Four decades ago, more than a third of congressional districts split their tickets, and as recently as 30 years ago, more than a third were potentially competitive. It was smart politics, in other words, to be “bipartisan.” Fuzzy partisan boundaries and candidate-centered elections meant broad coalitions operated across what was more like a four-party system, with many liberal Republicans and conservative Democrats voting together while many conservative Republicans and liberal Democrats also voted together.

Party leaders also didn’t have as much leverage to enforce a party line, and genuine cross-partisan policy agreements developed in part because the parties overlapped so much ideologically. In such an environment, compromise could thrive without threatening fundraising or reelection processes.

But driven by the geographic sorting of parties, the nationalization of politics around divisive culture-war issues and continued close national elections, that overlap vanished; instead, hyper-partisan hatred has come to dominate American politics,  pulling the major parties apart and pushing voters onto two competing teams. 

In the process, competitive and split-ticket districts have almost entirely vanished. In the 2020 election, only 16 congressional districts backed a presidential nominee from one party and a House candidate from the other party, the fewest in 100 years. Meanwhile, the share of competitive districts — here, defined by the Cook Political Report as having a Partisan Voting Index between D+5 and R+51 — has fallen from about a third of districts to less than one in 10 by 2018.

Perhaps the best way to understand what’s happening is if we think of partisanship and district competitiveness as two opposing forces, with one force strong and one much weaker. Partisanship is the strong force pulling the parties further apart; it demands parties take conflicting stances on issues and draw sharp contrasts. And it is galvanized by the same forces responsible for the decline of competitive districts, especially geographic partisan sorting and the nationalization of culture-war issues.

The presence of competitive districts, meanwhile, is the weak force pulling the parties closer together. These districts encourage incumbents to demonstrate at least some modicum of bipartisanship. But the trends that strengthen partisanship also make competitive districts even rarer, further undermining their potential ability to encourage problem-solving cross-partisanship.

Today, with few competitive and even fewer split-ticket districts, this weak compromise-seeking force is no match for the much stronger compromise-repelling force of partisanship. 

The representatives holding competitive districts often still pursue cross-party compromise. More moderate members — as defined by DW-Nominate, which quantifies the ideology of every member of Congress based on roll call votes cast in a legislative session — do often hail from more competitive districts, as you can see in the chart below:

Notably, however, the gap between the voting records of Democrats in competitive districts versus Republicans in competitive districts is actually quite large — much bigger than the difference between, say, a Republican hailing from a competitive district and a Republican hailing from a safe district. Additionally, even though district partisanship and voting records are moderately correlated for both parties, there is considerable variation in how different members elected in 2020 in similarly partisan districts voted, evident above.
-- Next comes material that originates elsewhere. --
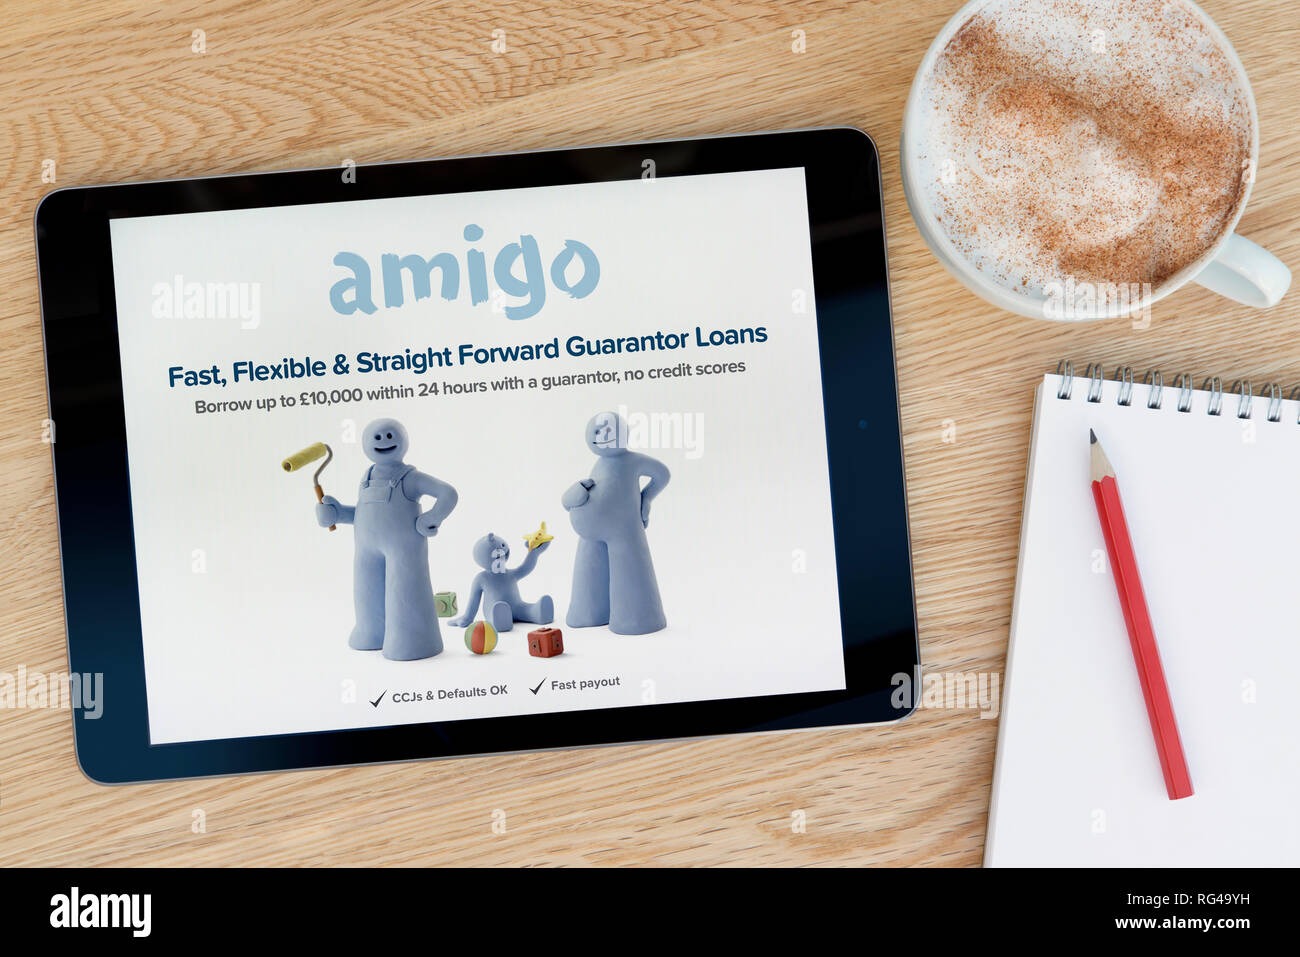 Die Amigo Darlehen website Funktionen auf einem iPad Tablet Gerät, das auf einem Tisch liegt neben einem Notizblock (nur redaktionelle Nutzung). Stockfoto

In short, competitive districts are somewhat of a moderating force. But Democrats in slightly Republican districts are still miles away from Republicans in slightly Democratic districts. 


One reason is that most swing districts are only swing districts because they have about the same number of Republican and Democratic voters — not because they are home to many undecided centrists. As a 2015 paper argued: “Reformers often idealize such moderate districts because it is believed that they are most conducive to the political competition that is supposed to produce moderate representation. … [However], the fact that such districts are more likely to be heterogeneous ironically mitigates their ability to elect moderate legislators.” Put another way, swing districts are not inherently moderate.

Another study of House members who served between 1874 and 1996 found very little in common between incumbents and challengers of different parties running at the district level. Another study examining elections from 1946 to 2010 for Congress and 1972 to 2010 for state legislatures found that even once elected, officials did not adjust their voting behavior to more closely match district-level ideology. In other words, candidates have always positioned themselves closer to their party than a candidate from another party, and even in closely-contested districts, they moderate very little. Moreover, provided they keep winning elections, there really isn’t any need for them to moderate. 

To be sure, some candidates hew closer to the middle than others in competitive districts, and primary challenges have tugged candidates away from the center, even in competitive districts. Between the 1940s and the 1970s, when polarization was generally low, and both parties were incoherent ideologically at the national level, candidates converged modestly in the middle of their district. But today, in a divided and polarized two-party system, the middle is a hard and lonely place to be, and an even harder place to get to as a candidate.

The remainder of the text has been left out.